Excerpted from the Jan./Feb. 2002 issue
Star Student Makes Leap from Lab to Legislature
From manipulating submitochondrial particles to setting national marine policy, from lab to legislative chambers, from Madison, Wisconsin, to Washington, D.C., Karl Gustavson is expanding his perspective and his horizons. The Wisconsin Sea Grant-sponsored student is among 41 nationwide to be awarded a Dean John A. Knauss Marine Policy Fellowship for 2002.
By any measure, Gustavson is a first-rate scholar. Aside from achieving an overall GPA of 3.8 in both undergraduate and graduate school, he earned the prestigious Science to Achieve Results (STAR) fellowship from the U.S. Environmental Protection Agency while completing his Ph.D. in environmental toxicology. By the time he defended his doctoral thesis last year, Gustavson had already published eight articles, presented a number of popular lectures, and obtained a patent on submitochondrial scanning technology, which he designed for use in the early detection of environmental pollutants.
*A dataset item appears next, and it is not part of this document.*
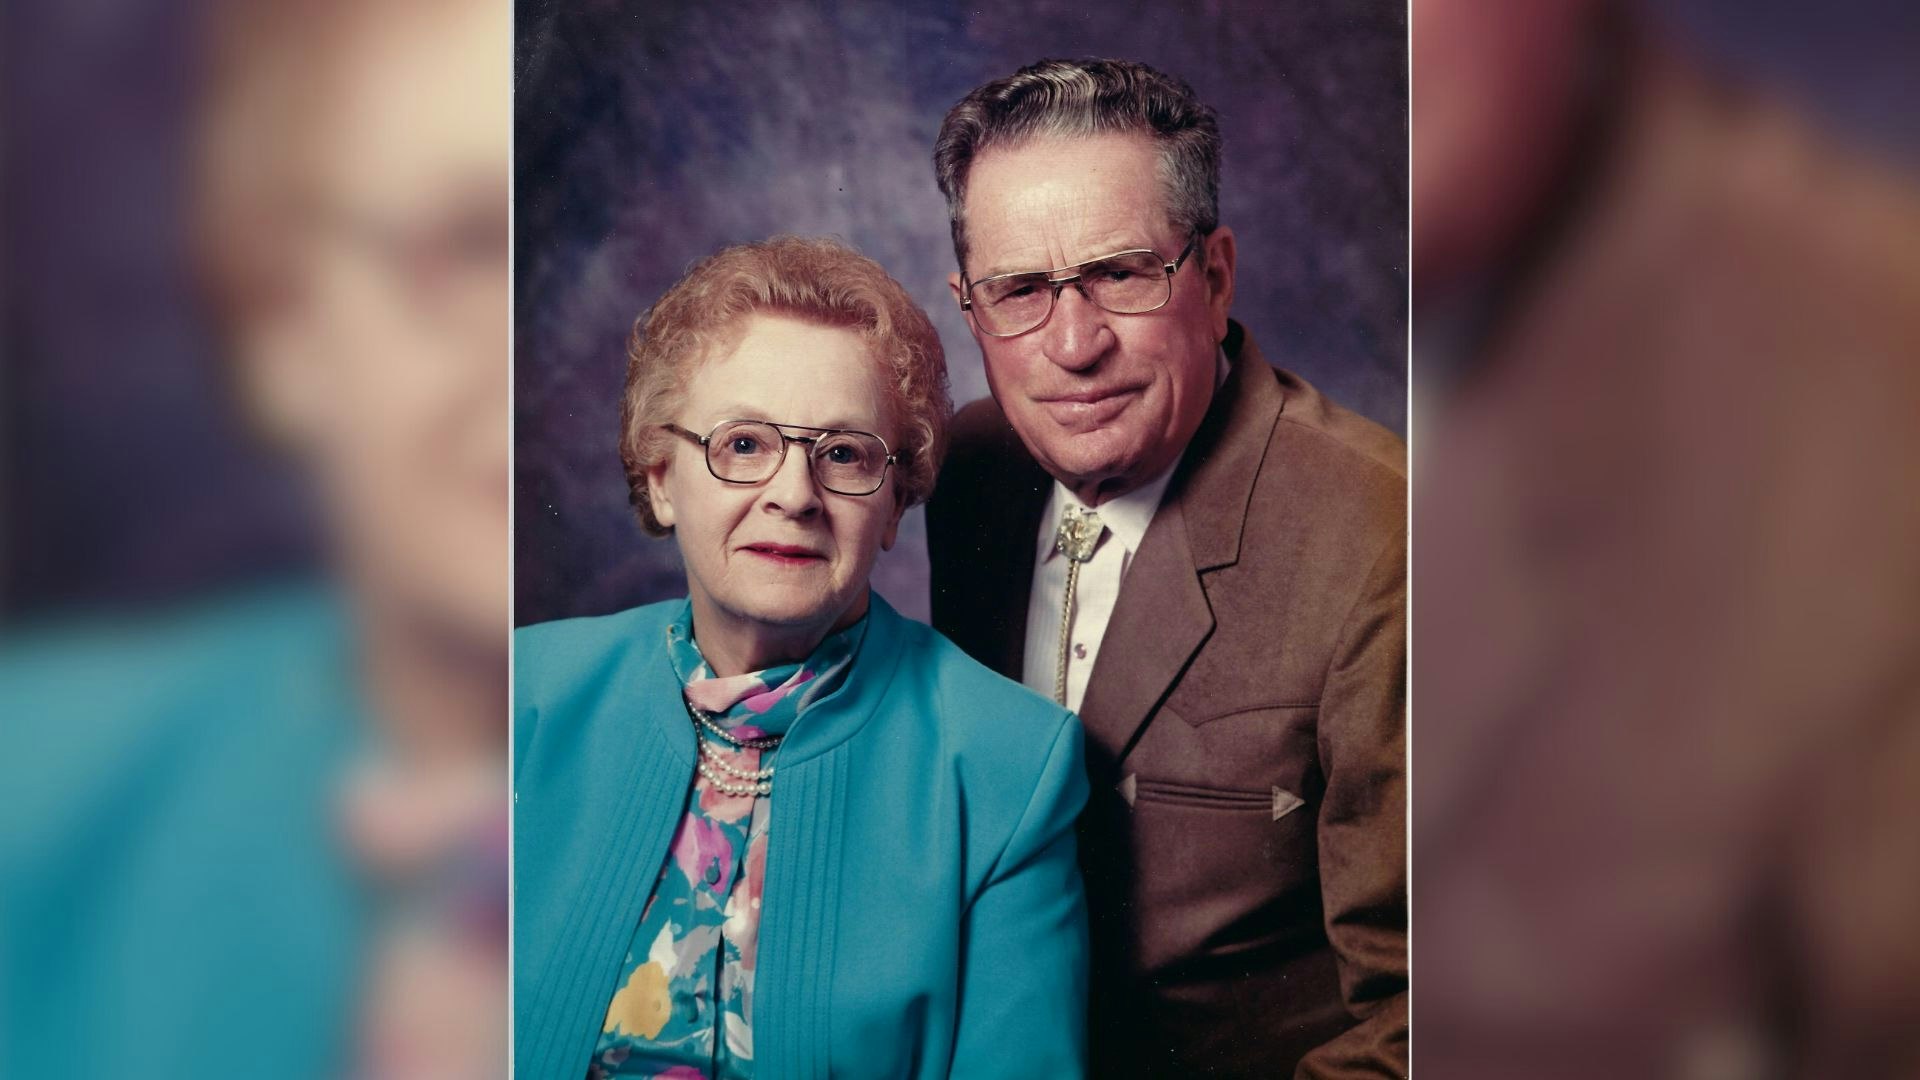 Vera and Don Brown were married in 1938 and enjoyed nearly 60 years of marriage.

Harvard Bioscience, a Boston-based company, licensed the patents surrounding the technology and is using it to screen for toxicity in pharmaceutical compounds. Gustavson has served as the company's technical director for the past two years.
Although he enjoyed being a student, by the end of his Ph.D. program, Gustavson longed to get out of the lab, "away from the bench," and into a situation that afforded him a broader perspective of the world. The Knauss Fellowship offers him a chance to do just that.
"This gives me the opportunity to step away from research and look at larger societal issues--things that can have a real environmental impact," he said.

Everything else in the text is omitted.